▶ **YOUR ASSIGNMENT**: Lift out, unaltered, the lines of the material below between the line holding "Sudini 'Tacy' Slip-On" and the line holding "Eroded-Coastline-Cliff-Rocks-Waves.jpg", counting both.

++++ MATERIAL FOR THIS TASK ++++

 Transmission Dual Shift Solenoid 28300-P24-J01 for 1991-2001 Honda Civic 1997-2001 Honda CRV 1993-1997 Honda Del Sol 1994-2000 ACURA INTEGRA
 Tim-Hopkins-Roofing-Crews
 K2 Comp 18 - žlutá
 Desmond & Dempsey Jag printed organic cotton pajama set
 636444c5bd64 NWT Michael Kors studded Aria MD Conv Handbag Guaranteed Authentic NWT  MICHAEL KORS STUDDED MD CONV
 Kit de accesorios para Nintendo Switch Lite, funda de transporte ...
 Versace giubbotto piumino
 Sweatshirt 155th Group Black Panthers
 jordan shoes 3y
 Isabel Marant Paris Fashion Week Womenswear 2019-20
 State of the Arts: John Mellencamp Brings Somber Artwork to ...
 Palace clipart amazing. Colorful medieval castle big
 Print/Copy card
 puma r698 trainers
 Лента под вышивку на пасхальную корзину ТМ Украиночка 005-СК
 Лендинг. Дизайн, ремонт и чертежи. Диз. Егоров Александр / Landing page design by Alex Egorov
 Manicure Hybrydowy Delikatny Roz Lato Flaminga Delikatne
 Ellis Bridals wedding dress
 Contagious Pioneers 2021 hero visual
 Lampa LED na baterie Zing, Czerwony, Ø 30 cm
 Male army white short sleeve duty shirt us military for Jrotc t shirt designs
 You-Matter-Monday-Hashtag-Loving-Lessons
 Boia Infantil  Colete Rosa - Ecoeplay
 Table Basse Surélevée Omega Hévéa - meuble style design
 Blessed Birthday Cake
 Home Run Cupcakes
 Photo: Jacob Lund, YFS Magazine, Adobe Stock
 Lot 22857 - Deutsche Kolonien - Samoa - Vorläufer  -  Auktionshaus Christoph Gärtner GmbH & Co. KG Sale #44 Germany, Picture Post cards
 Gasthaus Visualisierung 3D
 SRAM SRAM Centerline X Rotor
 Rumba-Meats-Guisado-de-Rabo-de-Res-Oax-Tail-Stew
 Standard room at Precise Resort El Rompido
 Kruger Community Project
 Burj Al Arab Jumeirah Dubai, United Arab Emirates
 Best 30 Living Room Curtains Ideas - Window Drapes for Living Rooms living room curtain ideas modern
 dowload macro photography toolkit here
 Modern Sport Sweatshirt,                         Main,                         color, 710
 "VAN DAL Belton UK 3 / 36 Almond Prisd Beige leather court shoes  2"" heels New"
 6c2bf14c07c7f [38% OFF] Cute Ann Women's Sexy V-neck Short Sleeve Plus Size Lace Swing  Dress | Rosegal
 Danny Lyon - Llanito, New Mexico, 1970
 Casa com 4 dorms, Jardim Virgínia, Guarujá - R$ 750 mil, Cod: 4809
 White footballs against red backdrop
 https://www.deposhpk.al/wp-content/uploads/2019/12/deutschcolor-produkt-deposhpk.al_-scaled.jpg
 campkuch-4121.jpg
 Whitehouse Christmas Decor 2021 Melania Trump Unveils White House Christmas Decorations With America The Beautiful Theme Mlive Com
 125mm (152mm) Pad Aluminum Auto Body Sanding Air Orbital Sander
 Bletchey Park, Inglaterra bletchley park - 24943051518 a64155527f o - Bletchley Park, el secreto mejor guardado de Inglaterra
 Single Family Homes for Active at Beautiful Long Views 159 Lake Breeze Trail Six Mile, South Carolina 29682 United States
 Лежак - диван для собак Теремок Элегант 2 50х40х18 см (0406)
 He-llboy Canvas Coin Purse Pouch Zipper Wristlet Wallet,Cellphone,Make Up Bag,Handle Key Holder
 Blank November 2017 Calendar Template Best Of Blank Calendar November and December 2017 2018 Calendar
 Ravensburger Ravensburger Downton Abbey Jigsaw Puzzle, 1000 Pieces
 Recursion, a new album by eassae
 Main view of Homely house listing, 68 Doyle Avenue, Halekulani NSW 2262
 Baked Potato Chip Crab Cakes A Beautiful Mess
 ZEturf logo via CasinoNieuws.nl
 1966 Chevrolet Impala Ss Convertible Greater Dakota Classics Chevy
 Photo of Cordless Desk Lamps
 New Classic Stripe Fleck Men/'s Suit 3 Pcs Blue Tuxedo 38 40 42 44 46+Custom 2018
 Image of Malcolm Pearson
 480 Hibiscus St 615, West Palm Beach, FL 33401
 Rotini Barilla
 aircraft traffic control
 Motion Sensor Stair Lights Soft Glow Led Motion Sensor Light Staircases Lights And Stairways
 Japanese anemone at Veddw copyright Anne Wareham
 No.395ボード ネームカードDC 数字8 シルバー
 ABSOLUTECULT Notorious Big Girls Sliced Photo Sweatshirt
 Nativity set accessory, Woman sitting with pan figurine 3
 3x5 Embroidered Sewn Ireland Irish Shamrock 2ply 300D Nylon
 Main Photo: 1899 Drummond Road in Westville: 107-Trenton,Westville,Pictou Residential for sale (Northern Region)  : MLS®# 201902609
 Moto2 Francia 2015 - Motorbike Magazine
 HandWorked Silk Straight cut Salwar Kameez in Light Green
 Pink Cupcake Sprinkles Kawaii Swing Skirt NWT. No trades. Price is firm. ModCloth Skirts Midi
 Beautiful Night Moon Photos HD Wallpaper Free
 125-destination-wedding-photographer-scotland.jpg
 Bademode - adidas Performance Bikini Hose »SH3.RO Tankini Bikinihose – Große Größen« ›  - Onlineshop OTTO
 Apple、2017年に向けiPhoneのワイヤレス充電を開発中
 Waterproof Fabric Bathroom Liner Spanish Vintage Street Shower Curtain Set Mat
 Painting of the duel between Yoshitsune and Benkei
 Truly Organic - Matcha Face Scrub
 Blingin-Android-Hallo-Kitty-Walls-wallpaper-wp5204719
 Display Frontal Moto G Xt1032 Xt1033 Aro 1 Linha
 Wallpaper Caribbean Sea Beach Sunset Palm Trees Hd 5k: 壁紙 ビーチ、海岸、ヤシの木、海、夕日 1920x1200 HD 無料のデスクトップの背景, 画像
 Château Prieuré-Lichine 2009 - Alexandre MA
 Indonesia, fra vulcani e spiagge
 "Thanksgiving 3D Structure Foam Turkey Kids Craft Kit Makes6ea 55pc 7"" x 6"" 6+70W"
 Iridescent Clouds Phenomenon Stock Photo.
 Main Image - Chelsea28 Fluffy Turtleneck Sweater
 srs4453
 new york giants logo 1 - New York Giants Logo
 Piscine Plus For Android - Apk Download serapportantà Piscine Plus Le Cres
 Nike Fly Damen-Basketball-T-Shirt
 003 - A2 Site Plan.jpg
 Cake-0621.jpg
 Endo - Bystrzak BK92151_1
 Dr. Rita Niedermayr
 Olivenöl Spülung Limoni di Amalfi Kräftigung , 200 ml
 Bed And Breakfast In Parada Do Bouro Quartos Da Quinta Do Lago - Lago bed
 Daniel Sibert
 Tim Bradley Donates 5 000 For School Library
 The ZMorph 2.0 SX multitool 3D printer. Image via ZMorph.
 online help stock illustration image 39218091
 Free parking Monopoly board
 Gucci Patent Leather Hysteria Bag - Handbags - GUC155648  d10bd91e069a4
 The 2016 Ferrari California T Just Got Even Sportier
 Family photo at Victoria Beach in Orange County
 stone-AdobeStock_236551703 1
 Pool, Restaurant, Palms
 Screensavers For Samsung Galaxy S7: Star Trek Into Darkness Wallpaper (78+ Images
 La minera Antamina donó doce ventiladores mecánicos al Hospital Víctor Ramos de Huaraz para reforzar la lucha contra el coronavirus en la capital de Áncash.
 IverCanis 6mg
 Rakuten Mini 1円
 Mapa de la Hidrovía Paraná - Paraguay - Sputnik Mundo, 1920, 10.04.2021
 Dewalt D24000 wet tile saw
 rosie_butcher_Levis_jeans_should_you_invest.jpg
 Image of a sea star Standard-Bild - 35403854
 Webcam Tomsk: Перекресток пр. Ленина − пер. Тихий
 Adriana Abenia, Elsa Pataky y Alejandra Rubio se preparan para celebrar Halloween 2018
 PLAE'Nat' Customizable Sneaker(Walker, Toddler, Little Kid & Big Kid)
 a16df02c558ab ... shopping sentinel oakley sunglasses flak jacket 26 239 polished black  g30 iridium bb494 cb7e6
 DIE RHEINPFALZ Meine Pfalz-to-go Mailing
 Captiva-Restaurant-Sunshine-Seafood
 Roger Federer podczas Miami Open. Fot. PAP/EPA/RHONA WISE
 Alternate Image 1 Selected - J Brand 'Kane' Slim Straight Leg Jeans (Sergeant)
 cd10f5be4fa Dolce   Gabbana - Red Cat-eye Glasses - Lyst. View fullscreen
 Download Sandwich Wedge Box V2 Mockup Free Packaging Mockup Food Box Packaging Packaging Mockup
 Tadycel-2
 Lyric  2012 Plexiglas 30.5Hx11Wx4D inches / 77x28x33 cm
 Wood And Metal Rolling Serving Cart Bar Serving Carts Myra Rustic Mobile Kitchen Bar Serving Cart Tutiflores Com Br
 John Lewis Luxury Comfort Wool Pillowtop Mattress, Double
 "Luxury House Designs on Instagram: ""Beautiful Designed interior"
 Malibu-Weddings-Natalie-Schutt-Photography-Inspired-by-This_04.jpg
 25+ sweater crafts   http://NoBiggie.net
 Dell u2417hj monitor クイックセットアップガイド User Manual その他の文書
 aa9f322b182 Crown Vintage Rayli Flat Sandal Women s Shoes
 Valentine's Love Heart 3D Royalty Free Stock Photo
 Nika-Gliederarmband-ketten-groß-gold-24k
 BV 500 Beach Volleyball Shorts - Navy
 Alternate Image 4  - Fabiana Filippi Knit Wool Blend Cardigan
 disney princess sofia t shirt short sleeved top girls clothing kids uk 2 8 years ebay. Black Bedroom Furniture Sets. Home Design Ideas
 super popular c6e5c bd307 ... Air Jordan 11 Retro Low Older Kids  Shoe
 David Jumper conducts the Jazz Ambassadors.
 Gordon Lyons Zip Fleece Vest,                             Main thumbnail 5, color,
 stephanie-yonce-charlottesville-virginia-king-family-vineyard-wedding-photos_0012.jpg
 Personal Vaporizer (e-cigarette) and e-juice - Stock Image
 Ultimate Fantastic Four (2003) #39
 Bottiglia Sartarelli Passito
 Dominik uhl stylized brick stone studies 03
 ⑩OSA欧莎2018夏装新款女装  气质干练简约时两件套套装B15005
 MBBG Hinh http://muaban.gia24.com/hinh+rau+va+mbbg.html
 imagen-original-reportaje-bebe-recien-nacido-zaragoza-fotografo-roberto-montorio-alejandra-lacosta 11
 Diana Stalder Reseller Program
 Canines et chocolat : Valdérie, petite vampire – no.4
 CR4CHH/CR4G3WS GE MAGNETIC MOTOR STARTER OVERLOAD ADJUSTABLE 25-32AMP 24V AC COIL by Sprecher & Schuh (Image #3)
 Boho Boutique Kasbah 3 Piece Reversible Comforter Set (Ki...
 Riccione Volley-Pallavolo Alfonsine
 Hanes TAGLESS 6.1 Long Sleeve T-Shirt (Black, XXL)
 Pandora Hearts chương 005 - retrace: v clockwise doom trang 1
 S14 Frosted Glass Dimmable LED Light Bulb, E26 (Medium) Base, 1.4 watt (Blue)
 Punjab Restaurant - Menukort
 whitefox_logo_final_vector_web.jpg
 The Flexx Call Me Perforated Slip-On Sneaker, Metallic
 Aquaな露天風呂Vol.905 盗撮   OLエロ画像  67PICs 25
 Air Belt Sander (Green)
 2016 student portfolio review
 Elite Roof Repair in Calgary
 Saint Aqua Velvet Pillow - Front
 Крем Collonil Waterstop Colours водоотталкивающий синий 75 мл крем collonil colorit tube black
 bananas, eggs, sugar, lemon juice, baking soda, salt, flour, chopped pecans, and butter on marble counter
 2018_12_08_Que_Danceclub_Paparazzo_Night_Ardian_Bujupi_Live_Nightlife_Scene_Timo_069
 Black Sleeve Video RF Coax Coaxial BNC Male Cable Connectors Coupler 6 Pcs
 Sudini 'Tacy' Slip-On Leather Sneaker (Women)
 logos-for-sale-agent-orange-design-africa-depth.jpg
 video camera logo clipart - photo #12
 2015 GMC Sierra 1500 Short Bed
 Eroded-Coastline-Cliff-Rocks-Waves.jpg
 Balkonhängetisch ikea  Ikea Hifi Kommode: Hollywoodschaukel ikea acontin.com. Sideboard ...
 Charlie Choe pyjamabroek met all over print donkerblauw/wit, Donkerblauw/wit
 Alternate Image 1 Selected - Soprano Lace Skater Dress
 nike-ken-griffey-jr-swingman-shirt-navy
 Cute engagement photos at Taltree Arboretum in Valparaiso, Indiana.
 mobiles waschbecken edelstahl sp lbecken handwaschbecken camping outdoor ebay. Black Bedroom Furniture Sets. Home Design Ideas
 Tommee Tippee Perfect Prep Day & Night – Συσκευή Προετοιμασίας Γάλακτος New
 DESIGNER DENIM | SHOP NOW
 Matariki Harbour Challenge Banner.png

++++

▶ **WRITTEN SOLUTION**:
 Sudini 'Tacy' Slip-On Leather Sneaker (Women)
 logos-for-sale-agent-orange-design-africa-depth.jpg
 video camera logo clipart - photo #12
 2015 GMC Sierra 1500 Short Bed
 Eroded-Coastline-Cliff-Rocks-Waves.jpg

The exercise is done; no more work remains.